This notebook is available on: https://github.com/epspi/02.28.2017_Cin-Day_RUG_sparklyr
The data is available at census.gov: https://www.census.gov/econ/cfs/pums.html
A fully instructive tutorial is at: http://spark.rstudio.com/
sparklyr
and dplyr
is what we'll be using. Install Spark directly from R with the handy spark_install()
function within sparklyr
if (!require(dplyr)) install.packages("dplyr")
if (!require(data.table)) install.packages("data.table")

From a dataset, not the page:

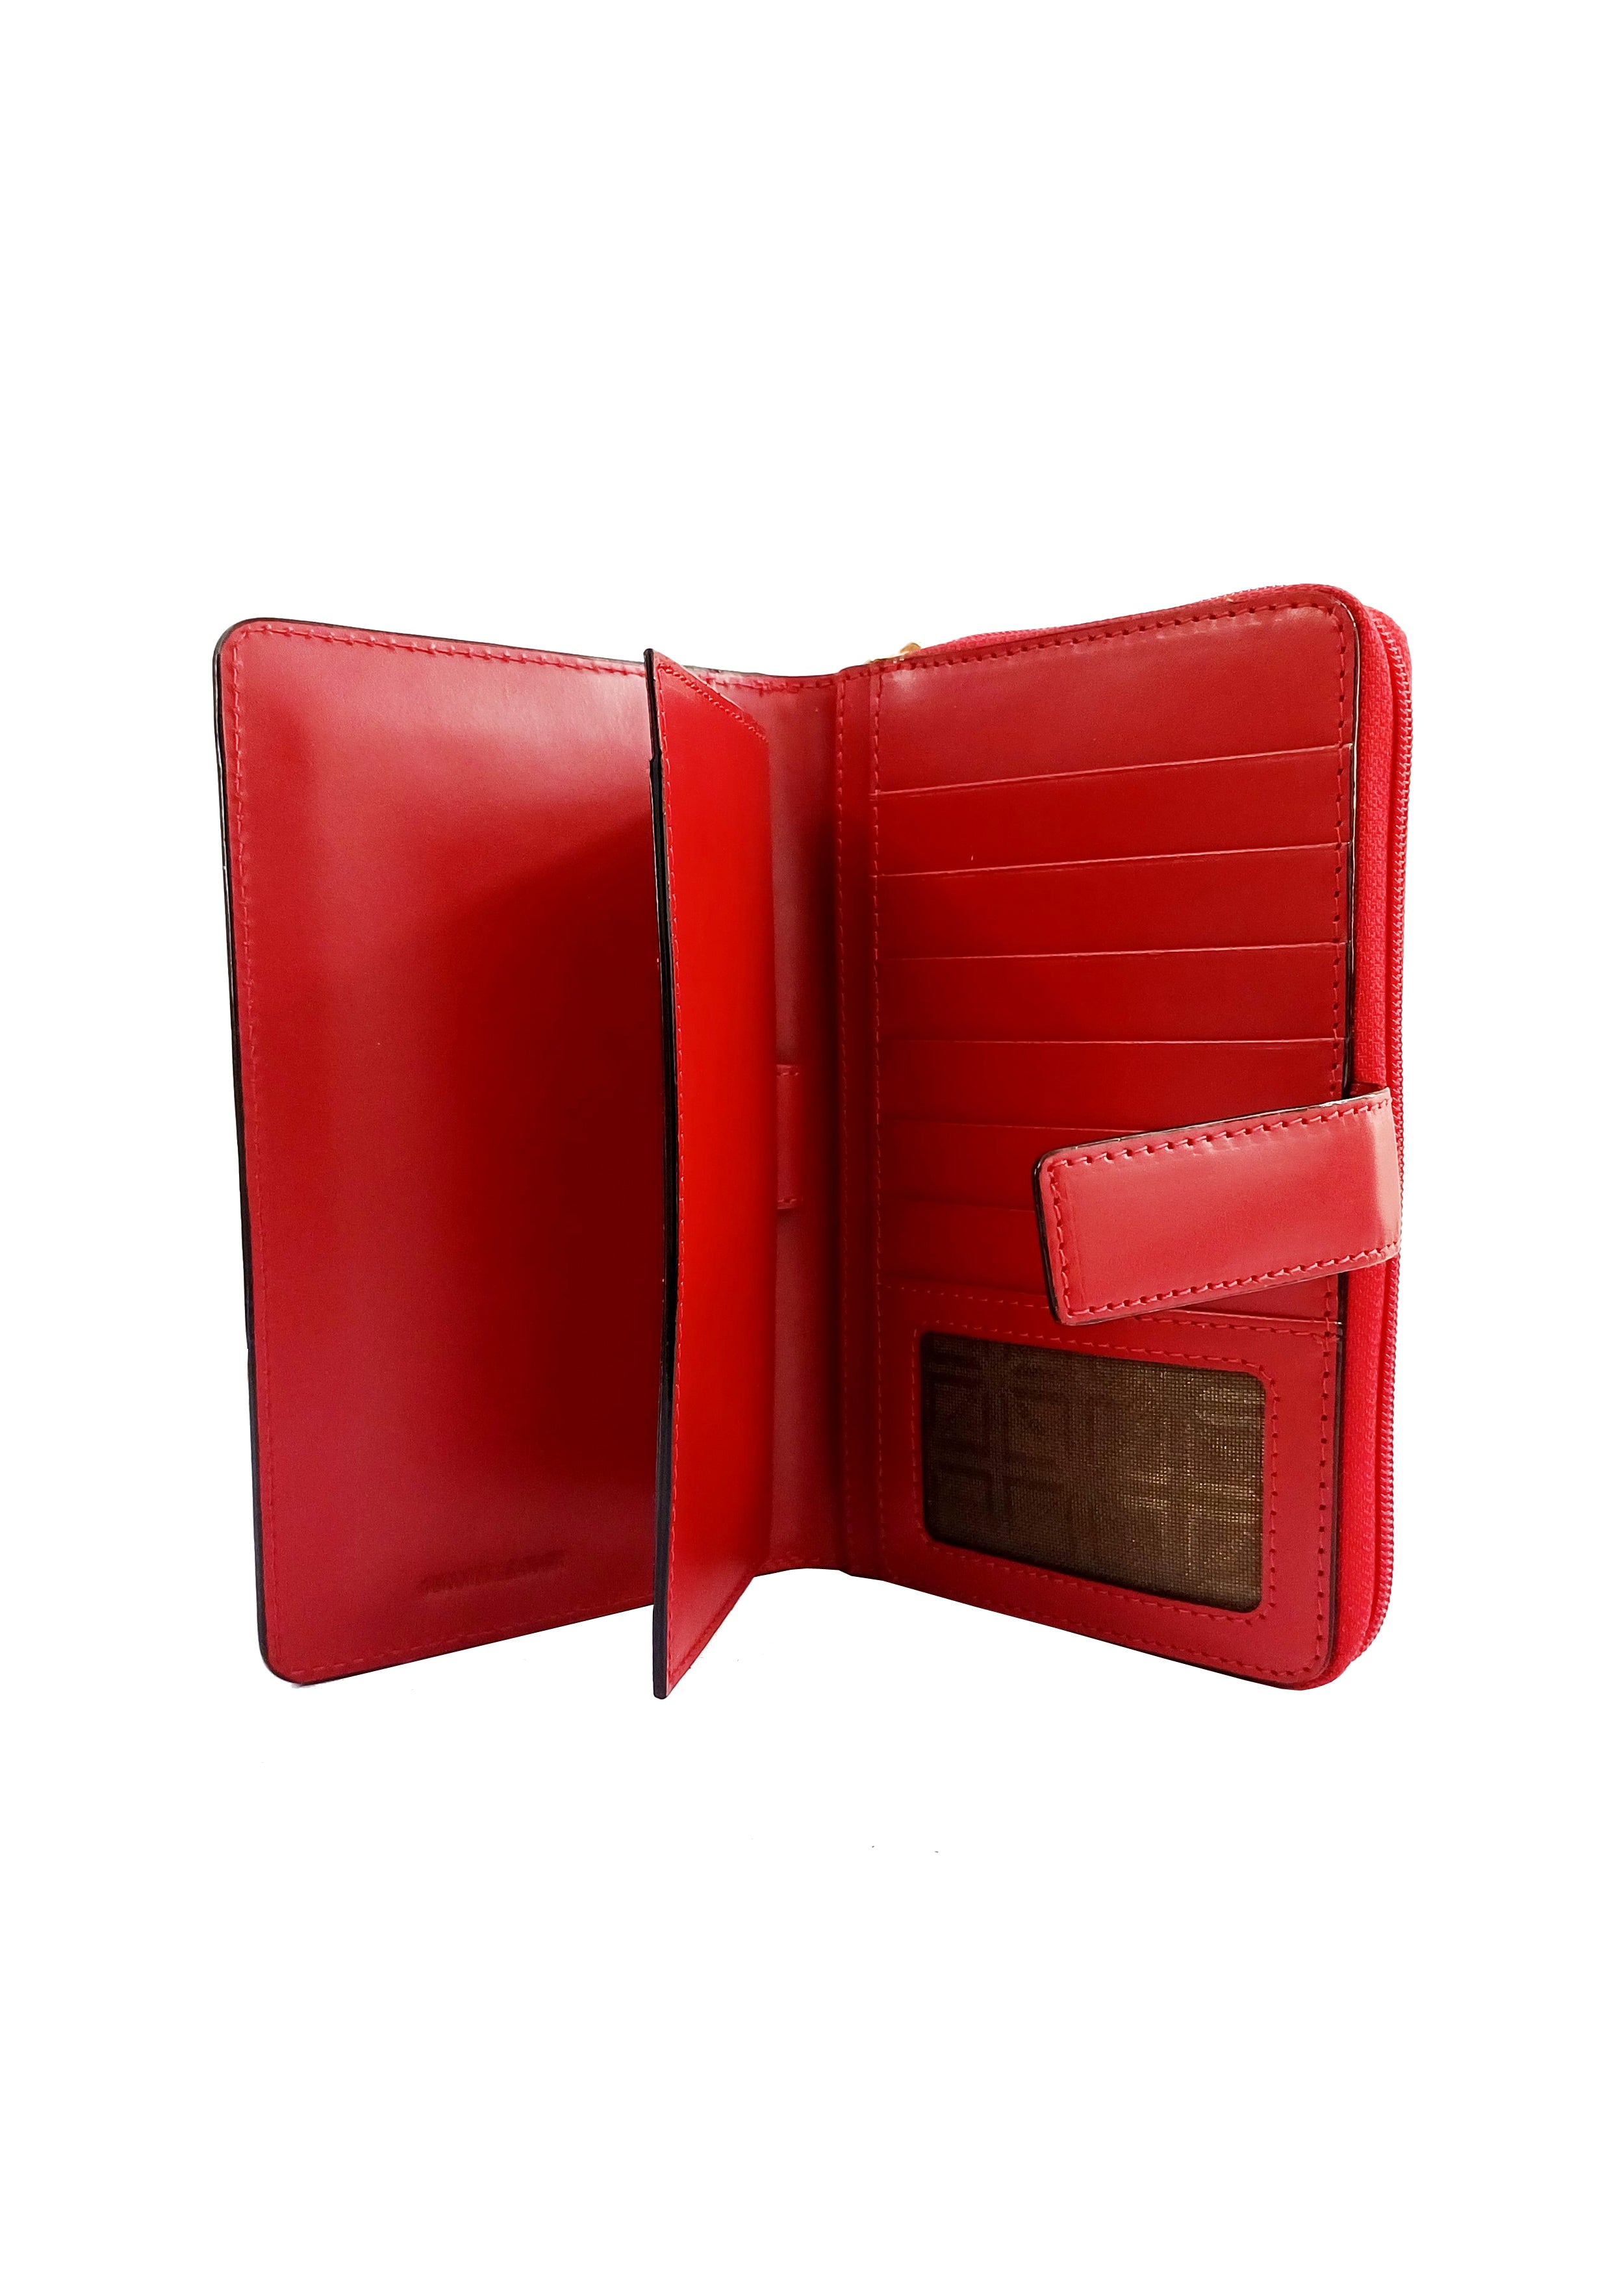 Shop All-Time Favorite Audrey Leather Wallet | Lodis

if (!require(sparklyr)) install.packages("sparklyr")
library(dplyr)
library(data.table)
library(sparklyr)
# spark_install(version = "2.0.1")
# spark_install(version = "1.6.2")
You can connect to spark using the GUI or by calling spark_connect
and specifying which version of Spark you want to use and whether you want a local or remote master. If you don't specify a version, it will default to version 1.6.2 (as of March 2017).
sc <- spark_connect(master = "local", version = "2.0.1")
# If you have port conflicts, try:
# config <- spark_config()
# config$sparklyr.gateway.port <- 5454
# sc <- spark_connect(master = "local", config = config)
sc
## $master
## [1] "local[4]"
##
## $method
## [1] "shell"
##
## $app_name
## [1] "sparklyr"
##
## $config
## $config$sparklyr.cores.local
## [1] 4
##
## $config$spark.sql.shuffle.partitions.local
## [1] 4
##
## $config$spark.env.SPARK_LOCAL_IP.local
## [1] "127.0.0.1"
##
## $config$sparklyr.csv.embedded
...
# List of RDDs currently in the cluster
src_tbls(sc)
# Web utility
spark_web(sc)
We need to feed data into the Spark cluster, whether by copying it from R objects or by using one of the filereader functions.
# Read in the text file locally and then copy_to Spark
system.time({
ship <- fread("data/cfs_2012_pumf_csv.txt")
ship_sp <- copy_to(sc, ship, "ship", overwrite = T)
})
##
Read 4547661 rows and 20 (of 20) columns from 0.350 GB file in 00:00:06
## user system elapsed
## 52.058 3.485 80.862
# src_tbls(sc)
There are (at least) three readers for getting data directly into the cluster:
spark_read_csv
spark_read_parquet
spark_read_json
system.time(
ship2_sp <- spark_read_csv(sc, "ship2",
"data/cfs_2012_pumf_csv.txt")
)
## user system elapsed
## 0.042 0.003 31.251
We can't use names
to figure out what's in the spark tables,
but colnames
and tbl_vars
work
# colnames(ship_sp)
tbl_vars(ship2_sp)
## [1] "SHIPMT_ID" "ORIG_STATE" "ORIG_MA"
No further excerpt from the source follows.